# Midwest takes out South Florida!!!



## Blueface (May 28, 2005)

Boca Raton is wrecked!!!
We are in deep water!!!
Seems Booker and his cohorts have picked on me to lay a Midwest style a** whooping.
Photos to follow (once I can scrape myself off the ground).


----------



## SmokeyJoe (Oct 3, 2006)

Can't wait to see the extent of the devastation... :ss

Hope you enjoy them! :tu


----------



## Simplified (Feb 18, 2006)

Time for the white flag!!!:ss


----------



## White97Jimmy (May 12, 2006)

w00t! The Eagle has landed! I repeat, the Eagle has landed!


----------



## sailchaser (Jun 16, 2007)

White97Jimmy said:


> w00t! The Eagle has landed! I repeat, the Eagle has landed!


Yahoo!


----------



## White97Jimmy (May 12, 2006)

I would have shipped a box of snow, but it there wasn't any on the ground yet. Now, there's plenty to send your way!


----------



## DragonMan (Dec 29, 2006)

This is going to be good!!! :mn


----------



## replicant_argent (May 13, 2006)

snorts....





poor Carlos... and he just got a new roof.


----------



## DETROITPHA357 (Jul 8, 2006)

Simplified said:


> Time for the white flag!!!:ss


:tpd:



Blueface said:


> Boca Raton is wrecked!!!
> We are in deep water!!!
> Seems Booker and his cohorts have picked on me to lay a Midwest style a** whooping.
> Photos to follow (once I can scrape myself off the ground).


Enjoy but it's no where near over. Your can thank TroopLee for this war:gn


----------



## White97Jimmy (May 12, 2006)

And you can thank all of Booker's Herf Buddies for joining in and having a hell of a time making you Floridians look like sissies!


----------



## Troop_lee (Aug 10, 2007)

well Booker is right, its nowhere NEAR over!


----------



## DETROITPHA357 (Jul 8, 2006)

White97Jimmy said:


> And you can thank all of Booker's Herf Buddies for joining in and having a hell of a time making you Floridians look like sissies!


:r:r:r



Troop_lee said:


> well Booker is right, its nowhere NEAR over!
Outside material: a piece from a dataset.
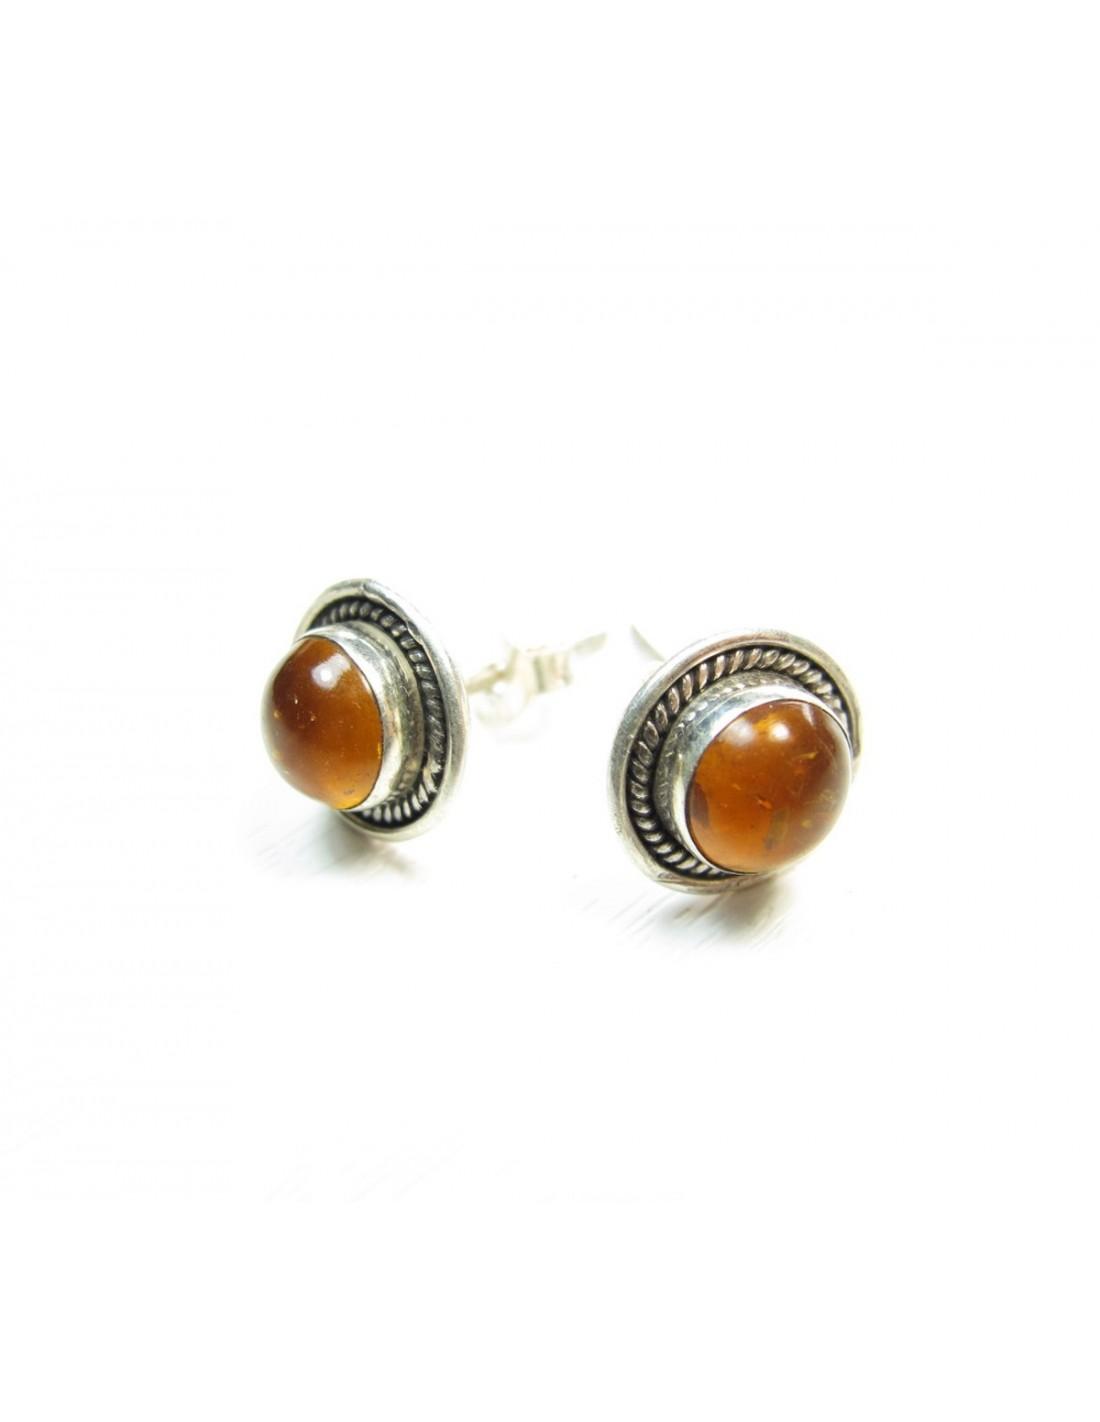 boucle d 39 oreille argent clou rond cisel et ambre bijoux argent et pierres. Black Bedroom Furniture Sets. Home Design Ideas

Did you just threaten me.:bn


----------



## Troop_lee (Aug 10, 2007)

DETROITPHA357 said:


> Did you just threaten me.


Why are you Scared??


----------



## DETROITPHA357 (Jul 8, 2006)

Troop_lee said:


> Why are you Scared??


Naw I tend not to get scared to easy, altho I do get scared from time to time when a female called and and say we have to talk:r


----------



## Papichulo (Jan 21, 2007)

Blueface said:


> Boca Raton is wrecked!!!
> We are in deep water!!!
> Seems Booker and his cohorts have picked on me to lay a Midwest style a** whooping.
> Photos to follow (once I can scrape myself off the ground).


:r:r Enjoy Carlos!!!


----------



## sailchaser (Jun 16, 2007)

DETROITPHA357 said:


> Naw I tend not to get scared to easy, altho I do get scared from time to time when a female called and and say we have to talk:r


I'm with you there even if that female is my WIFE!:r


----------



## Blueface (May 28, 2005)

Finally getting my bearings straight.
Seems I learned yesterday that Florida is under attack.
Seems Bill (Madurofan) is being wrecked also.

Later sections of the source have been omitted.